EXTRACTED MATERIAL below:

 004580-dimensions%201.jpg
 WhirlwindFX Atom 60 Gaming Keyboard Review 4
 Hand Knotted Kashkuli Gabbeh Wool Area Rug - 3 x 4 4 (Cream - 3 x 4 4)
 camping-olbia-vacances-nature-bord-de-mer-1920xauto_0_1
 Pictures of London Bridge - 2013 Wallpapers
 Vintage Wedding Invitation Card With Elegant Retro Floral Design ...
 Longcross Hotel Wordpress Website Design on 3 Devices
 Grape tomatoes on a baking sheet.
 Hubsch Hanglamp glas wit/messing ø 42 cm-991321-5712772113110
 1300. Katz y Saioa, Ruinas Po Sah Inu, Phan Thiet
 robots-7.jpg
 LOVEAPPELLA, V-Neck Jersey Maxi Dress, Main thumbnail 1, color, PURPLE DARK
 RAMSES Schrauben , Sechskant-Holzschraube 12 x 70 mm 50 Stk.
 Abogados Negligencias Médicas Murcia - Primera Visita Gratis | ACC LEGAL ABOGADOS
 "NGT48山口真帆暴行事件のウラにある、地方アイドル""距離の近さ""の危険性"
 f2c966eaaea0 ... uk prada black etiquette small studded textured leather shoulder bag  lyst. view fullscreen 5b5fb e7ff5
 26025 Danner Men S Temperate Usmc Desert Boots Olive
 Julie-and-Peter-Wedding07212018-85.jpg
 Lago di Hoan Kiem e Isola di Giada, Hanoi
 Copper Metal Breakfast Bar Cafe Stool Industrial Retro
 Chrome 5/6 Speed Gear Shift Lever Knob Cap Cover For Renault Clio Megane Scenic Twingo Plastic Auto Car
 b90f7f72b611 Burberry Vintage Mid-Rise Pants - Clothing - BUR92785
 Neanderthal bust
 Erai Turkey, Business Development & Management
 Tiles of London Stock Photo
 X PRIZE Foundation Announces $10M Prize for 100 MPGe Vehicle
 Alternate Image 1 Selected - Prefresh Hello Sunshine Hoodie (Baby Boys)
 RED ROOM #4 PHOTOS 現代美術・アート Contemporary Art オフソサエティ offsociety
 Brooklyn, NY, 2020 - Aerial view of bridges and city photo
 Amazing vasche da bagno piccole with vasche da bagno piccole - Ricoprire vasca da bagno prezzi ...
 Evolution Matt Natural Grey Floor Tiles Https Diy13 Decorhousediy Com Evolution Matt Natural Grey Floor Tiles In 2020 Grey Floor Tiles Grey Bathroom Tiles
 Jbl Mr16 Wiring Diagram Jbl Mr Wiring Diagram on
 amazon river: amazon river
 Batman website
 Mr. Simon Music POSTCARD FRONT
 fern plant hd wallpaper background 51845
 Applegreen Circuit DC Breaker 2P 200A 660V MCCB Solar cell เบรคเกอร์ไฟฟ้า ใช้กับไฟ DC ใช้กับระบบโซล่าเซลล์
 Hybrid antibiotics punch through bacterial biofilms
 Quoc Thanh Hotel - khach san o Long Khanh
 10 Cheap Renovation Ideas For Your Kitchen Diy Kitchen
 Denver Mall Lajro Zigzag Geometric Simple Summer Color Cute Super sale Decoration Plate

End of EXTRACTED MATERIAL.

* [THE TASK] Retype exactly the lines of the data above that fall between the line with "1300. Katz y" and the line with "Alternate Image 1", inclusive, and add nothing.

* [EXERCISE RESPONSE]
 1300. Katz y Saioa, Ruinas Po Sah Inu, Phan Thiet
 robots-7.jpg
 LOVEAPPELLA, V-Neck Jersey Maxi Dress, Main thumbnail 1, color, PURPLE DARK
 RAMSES Schrauben , Sechskant-Holzschraube 12 x 70 mm 50 Stk.
 Abogados Negligencias Médicas Murcia - Primera Visita Gratis | ACC LEGAL ABOGADOS
 "NGT48山口真帆暴行事件のウラにある、地方アイドル""距離の近さ""の危険性"
 f2c966eaaea0 ... uk prada black etiquette small studded textured leather shoulder bag  lyst. view fullscreen 5b5fb e7ff5
 26025 Danner Men S Temperate Usmc Desert Boots Olive
 Julie-and-Peter-Wedding07212018-85.jpg
 Lago di Hoan Kiem e Isola di Giada, Hanoi
 Copper Metal Breakfast Bar Cafe Stool Industrial Retro
 Chrome 5/6 Speed Gear Shift Lever Knob Cap Cover For Renault Clio Megane Scenic Twingo Plastic Auto Car
 b90f7f72b611 Burberry Vintage Mid-Rise Pants - Clothing - BUR92785
 Neanderthal bust
 Erai Turkey, Business Development & Management
 Tiles of London Stock Photo
 X PRIZE Foundation Announces $10M Prize for 100 MPGe Vehicle
 Alternate Image 1 Selected - Prefresh Hello Sunshine Hoodie (Baby Boys)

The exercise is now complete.